* Task directions *
Return, unaltered, every line from the beginning of the material below up to and including the one with "R+Co Skyline Dry".
------------------------------------------------
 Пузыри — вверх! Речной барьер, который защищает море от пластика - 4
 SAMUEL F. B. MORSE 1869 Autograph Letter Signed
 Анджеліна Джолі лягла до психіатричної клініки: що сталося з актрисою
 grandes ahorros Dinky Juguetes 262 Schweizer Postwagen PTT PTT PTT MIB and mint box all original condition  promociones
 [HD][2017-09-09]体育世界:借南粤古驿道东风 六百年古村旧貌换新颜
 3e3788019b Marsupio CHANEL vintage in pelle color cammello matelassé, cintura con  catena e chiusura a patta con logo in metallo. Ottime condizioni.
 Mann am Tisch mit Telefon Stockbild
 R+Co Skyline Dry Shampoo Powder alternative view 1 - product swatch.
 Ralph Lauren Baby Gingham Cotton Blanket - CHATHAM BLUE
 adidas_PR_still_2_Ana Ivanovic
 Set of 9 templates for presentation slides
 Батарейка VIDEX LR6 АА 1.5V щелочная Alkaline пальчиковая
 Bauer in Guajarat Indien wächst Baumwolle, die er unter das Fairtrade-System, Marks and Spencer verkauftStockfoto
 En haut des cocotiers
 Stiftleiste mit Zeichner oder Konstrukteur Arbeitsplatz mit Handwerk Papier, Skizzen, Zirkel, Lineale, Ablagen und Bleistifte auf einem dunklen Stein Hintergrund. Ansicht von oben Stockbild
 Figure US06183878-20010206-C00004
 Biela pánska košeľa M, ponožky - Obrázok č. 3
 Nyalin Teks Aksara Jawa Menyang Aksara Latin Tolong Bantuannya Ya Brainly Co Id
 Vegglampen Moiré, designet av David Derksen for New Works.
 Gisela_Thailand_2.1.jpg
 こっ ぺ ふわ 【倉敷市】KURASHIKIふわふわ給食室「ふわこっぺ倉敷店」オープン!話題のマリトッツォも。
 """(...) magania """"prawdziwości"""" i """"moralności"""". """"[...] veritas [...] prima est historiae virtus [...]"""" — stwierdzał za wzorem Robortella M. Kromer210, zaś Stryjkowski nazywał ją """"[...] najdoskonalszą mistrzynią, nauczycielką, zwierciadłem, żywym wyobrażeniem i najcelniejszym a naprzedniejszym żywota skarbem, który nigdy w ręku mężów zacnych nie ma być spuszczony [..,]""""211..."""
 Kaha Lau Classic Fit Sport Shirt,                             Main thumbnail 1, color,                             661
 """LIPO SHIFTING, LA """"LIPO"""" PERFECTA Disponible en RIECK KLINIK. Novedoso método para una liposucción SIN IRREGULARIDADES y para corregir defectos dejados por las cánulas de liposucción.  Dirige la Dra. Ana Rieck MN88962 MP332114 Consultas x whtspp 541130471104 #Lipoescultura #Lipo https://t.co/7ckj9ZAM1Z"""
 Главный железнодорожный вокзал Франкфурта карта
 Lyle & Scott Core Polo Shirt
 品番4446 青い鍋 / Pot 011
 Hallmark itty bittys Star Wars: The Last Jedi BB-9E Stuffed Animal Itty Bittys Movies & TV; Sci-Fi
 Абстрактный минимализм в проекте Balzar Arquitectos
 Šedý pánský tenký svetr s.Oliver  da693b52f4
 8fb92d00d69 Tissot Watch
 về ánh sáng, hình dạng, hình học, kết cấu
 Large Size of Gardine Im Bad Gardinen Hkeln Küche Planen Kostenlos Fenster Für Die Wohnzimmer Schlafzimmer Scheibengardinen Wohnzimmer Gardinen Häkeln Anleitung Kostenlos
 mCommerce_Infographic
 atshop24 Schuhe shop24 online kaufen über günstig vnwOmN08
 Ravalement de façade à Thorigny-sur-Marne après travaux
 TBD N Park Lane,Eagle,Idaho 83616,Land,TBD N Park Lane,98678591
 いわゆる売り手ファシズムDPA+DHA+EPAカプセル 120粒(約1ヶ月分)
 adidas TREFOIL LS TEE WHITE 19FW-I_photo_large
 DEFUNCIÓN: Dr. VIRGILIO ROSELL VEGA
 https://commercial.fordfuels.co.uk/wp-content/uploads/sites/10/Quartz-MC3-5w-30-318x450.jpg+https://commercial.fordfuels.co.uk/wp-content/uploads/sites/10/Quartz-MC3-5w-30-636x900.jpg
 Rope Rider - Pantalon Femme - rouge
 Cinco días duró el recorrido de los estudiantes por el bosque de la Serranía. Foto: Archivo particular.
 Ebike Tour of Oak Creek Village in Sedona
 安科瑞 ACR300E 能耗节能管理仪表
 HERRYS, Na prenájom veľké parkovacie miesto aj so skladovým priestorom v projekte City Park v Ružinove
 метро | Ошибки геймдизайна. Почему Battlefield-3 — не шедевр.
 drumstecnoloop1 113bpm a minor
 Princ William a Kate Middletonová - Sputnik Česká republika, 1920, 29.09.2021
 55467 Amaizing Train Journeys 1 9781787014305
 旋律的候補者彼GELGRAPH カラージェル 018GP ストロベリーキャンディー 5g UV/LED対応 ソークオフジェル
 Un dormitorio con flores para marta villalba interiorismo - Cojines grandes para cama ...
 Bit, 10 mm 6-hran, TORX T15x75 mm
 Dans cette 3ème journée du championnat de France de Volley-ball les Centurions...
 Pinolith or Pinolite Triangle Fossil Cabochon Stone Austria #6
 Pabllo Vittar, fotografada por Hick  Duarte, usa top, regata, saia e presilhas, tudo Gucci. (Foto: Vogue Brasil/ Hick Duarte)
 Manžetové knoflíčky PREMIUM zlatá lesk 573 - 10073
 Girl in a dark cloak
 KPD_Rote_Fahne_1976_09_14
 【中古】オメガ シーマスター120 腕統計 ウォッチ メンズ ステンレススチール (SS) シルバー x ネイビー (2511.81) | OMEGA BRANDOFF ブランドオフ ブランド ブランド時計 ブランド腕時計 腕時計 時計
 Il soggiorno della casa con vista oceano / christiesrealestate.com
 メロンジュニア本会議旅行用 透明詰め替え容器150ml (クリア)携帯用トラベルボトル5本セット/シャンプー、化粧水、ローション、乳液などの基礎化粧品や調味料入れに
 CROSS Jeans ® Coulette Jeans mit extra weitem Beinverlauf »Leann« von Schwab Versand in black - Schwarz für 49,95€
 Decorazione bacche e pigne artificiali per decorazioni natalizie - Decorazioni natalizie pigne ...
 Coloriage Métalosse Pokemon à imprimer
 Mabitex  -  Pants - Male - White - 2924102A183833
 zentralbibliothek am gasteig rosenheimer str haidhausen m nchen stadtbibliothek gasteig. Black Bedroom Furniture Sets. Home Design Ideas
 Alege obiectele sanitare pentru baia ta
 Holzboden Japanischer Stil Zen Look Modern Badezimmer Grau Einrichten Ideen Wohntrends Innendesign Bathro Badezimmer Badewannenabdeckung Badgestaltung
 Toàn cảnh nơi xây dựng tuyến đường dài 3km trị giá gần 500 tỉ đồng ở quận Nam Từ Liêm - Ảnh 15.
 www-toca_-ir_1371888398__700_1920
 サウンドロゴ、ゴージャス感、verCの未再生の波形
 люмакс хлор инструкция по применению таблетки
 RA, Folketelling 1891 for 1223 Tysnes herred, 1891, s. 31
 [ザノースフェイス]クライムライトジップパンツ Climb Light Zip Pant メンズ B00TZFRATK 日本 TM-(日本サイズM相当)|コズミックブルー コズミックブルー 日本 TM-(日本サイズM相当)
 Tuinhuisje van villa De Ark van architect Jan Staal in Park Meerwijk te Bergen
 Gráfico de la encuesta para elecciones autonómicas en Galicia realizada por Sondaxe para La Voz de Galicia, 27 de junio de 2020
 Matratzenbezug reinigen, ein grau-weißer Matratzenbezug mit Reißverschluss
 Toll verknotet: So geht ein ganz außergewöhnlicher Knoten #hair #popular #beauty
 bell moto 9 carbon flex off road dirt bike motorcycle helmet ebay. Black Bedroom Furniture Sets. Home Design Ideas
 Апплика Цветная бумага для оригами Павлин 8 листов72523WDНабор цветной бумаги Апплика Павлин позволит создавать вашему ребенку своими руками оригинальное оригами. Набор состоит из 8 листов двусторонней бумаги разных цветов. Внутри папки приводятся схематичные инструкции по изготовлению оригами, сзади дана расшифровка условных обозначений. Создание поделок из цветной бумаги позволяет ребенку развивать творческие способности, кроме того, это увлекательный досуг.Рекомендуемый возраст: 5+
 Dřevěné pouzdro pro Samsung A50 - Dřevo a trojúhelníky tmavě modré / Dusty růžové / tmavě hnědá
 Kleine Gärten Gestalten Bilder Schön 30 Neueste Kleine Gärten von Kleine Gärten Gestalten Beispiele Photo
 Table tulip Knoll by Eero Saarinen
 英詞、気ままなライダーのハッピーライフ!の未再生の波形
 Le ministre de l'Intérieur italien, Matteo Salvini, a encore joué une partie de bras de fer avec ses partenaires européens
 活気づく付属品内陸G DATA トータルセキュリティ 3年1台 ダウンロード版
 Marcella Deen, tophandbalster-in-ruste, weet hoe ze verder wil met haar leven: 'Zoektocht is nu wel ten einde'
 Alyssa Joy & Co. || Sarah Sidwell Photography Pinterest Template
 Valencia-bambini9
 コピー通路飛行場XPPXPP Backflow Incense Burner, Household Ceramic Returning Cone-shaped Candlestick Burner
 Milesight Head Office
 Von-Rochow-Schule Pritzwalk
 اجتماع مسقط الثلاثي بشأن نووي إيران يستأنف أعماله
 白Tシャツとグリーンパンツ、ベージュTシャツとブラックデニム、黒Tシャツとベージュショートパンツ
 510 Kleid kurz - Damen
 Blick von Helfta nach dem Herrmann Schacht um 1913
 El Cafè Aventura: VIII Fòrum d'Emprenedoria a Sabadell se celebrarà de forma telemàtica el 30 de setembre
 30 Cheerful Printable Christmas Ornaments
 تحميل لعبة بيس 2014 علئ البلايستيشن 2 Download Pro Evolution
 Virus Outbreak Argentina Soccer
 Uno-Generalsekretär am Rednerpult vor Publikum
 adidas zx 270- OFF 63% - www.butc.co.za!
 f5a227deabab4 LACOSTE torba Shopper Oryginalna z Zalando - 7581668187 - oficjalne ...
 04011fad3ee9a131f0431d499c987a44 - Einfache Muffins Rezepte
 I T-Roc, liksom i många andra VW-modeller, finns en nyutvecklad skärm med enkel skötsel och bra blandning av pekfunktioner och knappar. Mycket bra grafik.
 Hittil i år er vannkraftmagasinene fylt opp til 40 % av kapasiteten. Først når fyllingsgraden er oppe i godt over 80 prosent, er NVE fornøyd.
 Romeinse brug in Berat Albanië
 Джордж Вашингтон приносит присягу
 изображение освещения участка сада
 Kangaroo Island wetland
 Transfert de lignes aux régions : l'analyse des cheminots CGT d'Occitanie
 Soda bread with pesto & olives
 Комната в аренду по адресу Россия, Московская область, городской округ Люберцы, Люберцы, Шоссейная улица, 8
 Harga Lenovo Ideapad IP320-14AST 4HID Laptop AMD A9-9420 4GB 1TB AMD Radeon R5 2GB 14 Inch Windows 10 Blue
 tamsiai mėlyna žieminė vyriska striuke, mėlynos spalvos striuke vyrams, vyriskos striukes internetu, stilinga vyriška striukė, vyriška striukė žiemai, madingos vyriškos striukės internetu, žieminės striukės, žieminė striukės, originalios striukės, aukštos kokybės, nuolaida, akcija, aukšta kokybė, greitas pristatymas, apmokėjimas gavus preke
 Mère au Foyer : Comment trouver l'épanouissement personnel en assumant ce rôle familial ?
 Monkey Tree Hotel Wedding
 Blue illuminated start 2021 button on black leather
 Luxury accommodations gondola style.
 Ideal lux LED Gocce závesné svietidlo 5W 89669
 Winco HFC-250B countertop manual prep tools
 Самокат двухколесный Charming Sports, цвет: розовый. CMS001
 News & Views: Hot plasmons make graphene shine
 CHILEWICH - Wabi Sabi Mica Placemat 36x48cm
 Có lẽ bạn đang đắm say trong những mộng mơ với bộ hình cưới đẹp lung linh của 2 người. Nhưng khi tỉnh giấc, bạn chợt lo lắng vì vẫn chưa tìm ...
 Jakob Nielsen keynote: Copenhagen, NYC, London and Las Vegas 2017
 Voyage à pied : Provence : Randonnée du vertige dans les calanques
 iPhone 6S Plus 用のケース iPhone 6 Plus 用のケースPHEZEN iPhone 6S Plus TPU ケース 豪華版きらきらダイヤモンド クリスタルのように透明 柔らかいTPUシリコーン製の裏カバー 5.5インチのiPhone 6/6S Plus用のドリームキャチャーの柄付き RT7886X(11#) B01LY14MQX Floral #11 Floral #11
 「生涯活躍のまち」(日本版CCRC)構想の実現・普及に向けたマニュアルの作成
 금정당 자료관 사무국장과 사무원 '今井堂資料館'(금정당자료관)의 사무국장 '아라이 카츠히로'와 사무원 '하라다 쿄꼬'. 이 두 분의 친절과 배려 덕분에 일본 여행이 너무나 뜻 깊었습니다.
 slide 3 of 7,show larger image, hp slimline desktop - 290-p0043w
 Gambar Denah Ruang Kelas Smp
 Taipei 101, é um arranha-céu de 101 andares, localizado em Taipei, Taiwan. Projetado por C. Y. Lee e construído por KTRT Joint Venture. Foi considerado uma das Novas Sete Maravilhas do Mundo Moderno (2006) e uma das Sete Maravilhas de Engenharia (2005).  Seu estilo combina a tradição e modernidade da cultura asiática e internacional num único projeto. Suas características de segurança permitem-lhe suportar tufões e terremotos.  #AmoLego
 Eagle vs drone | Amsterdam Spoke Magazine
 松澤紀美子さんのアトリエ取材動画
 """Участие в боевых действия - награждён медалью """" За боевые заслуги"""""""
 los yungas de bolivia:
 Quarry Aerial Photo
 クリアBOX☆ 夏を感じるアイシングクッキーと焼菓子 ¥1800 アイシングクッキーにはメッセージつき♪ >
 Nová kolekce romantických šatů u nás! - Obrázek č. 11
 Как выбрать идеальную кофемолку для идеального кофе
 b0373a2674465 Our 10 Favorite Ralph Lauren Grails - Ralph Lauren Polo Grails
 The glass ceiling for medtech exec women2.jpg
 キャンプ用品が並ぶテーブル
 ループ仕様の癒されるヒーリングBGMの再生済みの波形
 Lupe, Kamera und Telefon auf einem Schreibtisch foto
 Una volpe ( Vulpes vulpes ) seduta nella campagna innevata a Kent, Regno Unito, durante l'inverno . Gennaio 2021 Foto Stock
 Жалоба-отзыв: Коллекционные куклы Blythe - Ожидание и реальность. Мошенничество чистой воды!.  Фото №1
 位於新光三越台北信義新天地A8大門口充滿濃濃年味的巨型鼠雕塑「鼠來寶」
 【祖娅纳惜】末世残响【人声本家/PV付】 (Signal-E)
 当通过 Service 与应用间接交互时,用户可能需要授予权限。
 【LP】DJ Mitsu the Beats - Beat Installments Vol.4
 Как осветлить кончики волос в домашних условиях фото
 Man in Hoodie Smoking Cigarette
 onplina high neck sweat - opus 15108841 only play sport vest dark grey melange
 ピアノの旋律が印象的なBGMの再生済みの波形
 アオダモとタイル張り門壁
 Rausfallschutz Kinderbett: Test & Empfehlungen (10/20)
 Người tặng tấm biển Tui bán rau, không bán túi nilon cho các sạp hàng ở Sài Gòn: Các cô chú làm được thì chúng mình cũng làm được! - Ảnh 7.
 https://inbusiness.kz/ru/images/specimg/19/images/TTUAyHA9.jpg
------------------------------------------------
* The answer *
 Пузыри — вверх! Речной барьер, который защищает море от пластика - 4
 SAMUEL F. B. MORSE 1869 Autograph Letter Signed
 Анджеліна Джолі лягла до психіатричної клініки: що сталося з актрисою
 grandes ahorros Dinky Juguetes 262 Schweizer Postwagen PTT PTT PTT MIB and mint box all original condition  promociones
 [HD][2017-09-09]体育世界:借南粤古驿道东风 六百年古村旧貌换新颜
 3e3788019b Marsupio CHANEL vintage in pelle color cammello matelassé, cintura con  catena e chiusura a patta con logo in metallo. Ottime condizioni.
 Mann am Tisch mit Telefon Stockbild
 R+Co Skyline Dry Shampoo Powder alternative view 1 - product swatch.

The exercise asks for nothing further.